Borehamwood's Cock & Hen Club was an instant hit with movie stars and film crews, who enjoyed its relaxed attitude to licensing laws.

Tom Parsons, who was a member for around ten years, remembers that the club, in Shenley Road, was opened in around 1938, by the former production manager and occasional actor Frederick Reynolds.

Most of Mr Parsons' family worked in the film industry, and he joined the club in 1940. But within a few days he was called up by the army, to fight in World War Two.

In 1945 or 1946, Mr Parsons came back to Borehamwood, and started visiting the club on a regular basis.

He had a good, well-paid job working in the fully-fashioned stocking department of the Keystone factory, and enjoyed the late parties at The Cock & Hen Club.

"I carried on going there for about four or five years. I became very good friends with Fred Reynolds, he was always very friendly and outgoing. He was in his late 30s or early 40s, and he was always immaculately dressed, with a small moustache.

"The club was great fun, and its clientele were mostly from the studios film people.

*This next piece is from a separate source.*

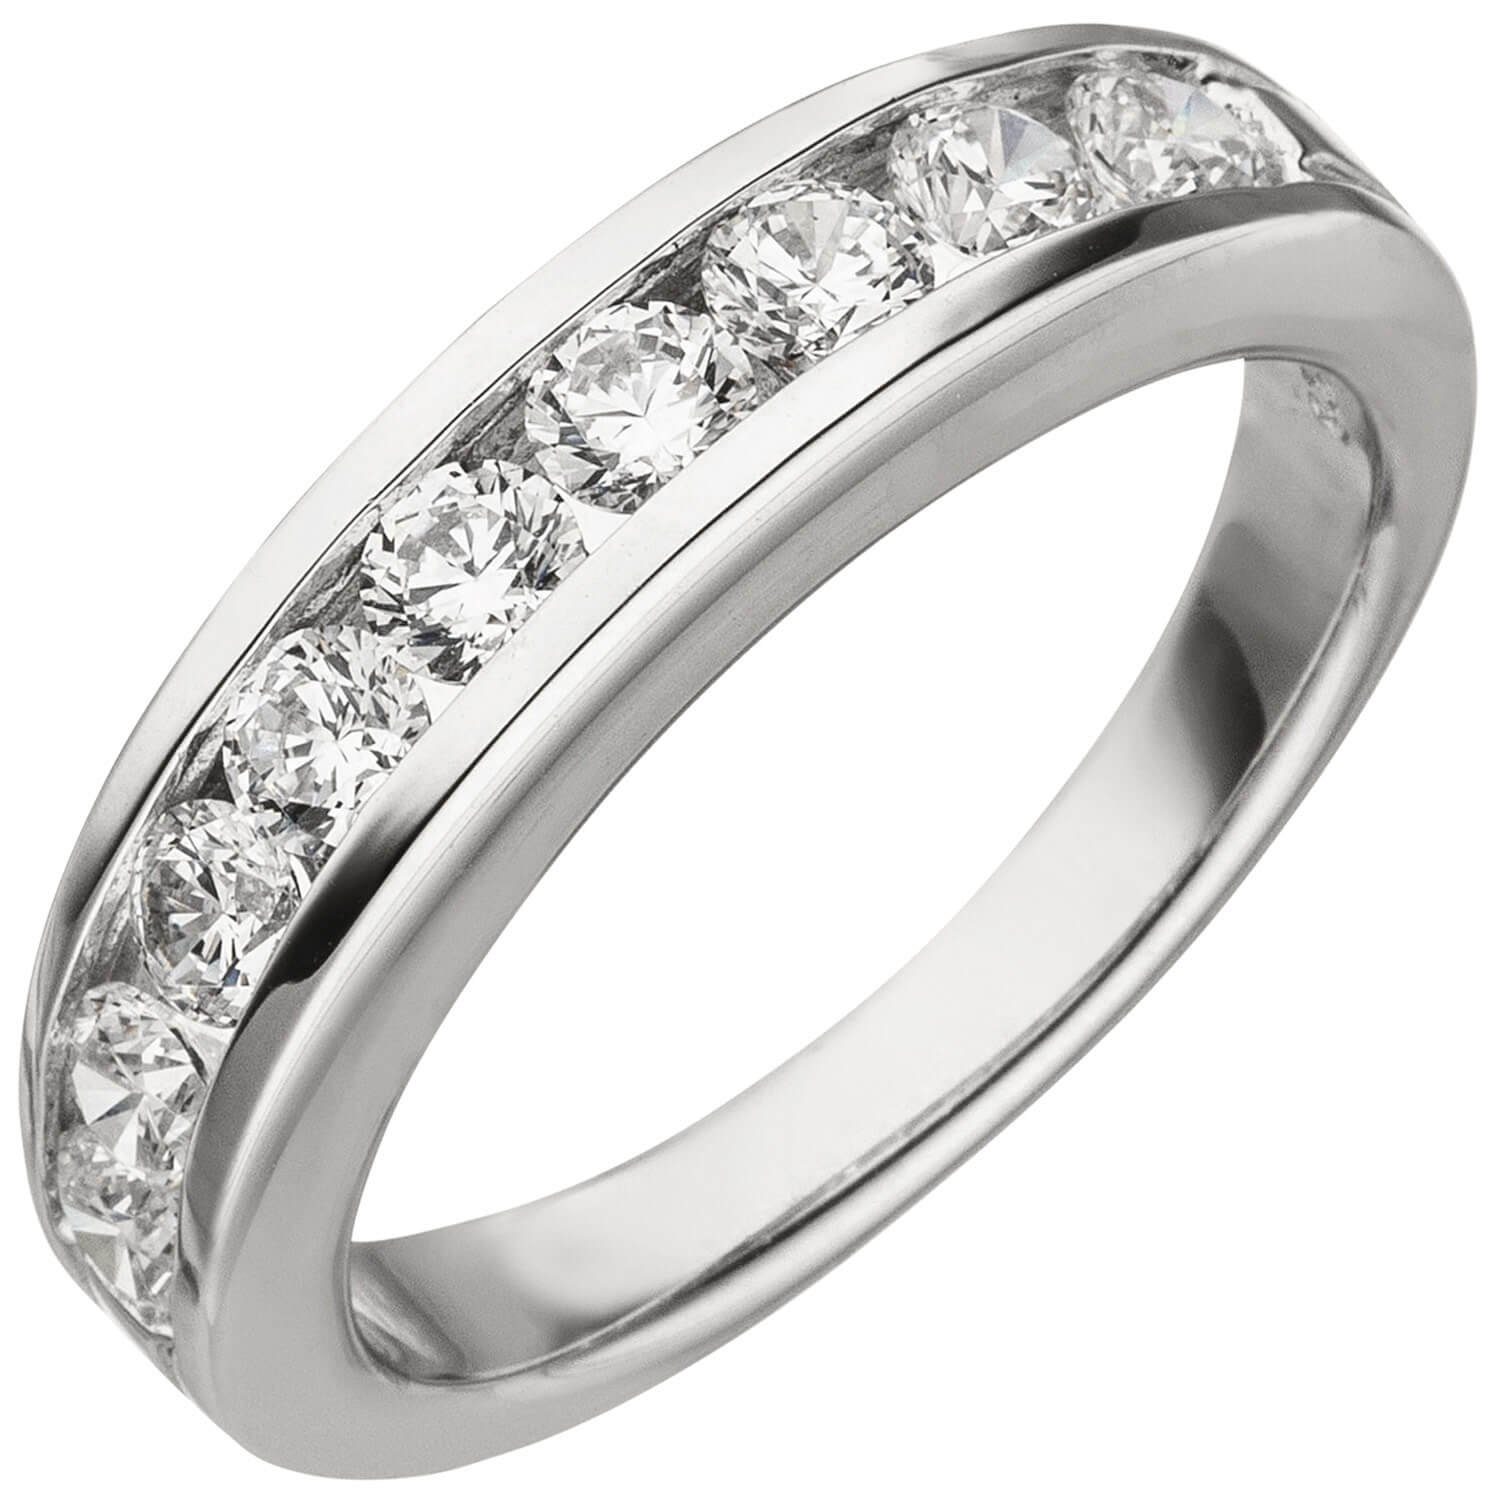 Schmuck Krone Silberring Ring Damenring mit weißen Zirkonia 925 Silber Fingerschmuck, Silber 925

"There was always a lively party going on after the rest of the pubs had closed, which was terribly illegal. We used to go in, put the lock on the door and carry on drinking. It was the sort of place a nice girl wouldn't go into."

The club's location, across the road from Elstree Studios, then called British International Pictures, meant it was never short of glamorous, interesting people.

But in 1951 or 1952, when Mr Reynolds was offered a business opportunity in Jersey, he sold the club and moved on.

Mr Parsons carried on living in Borehamwood until 1985, when he moved to Hol Beach in Lincolnshire. He still keeps up to date with events in the town through a friend, who sends him cuttings from the Borehamwood & Elstree Times.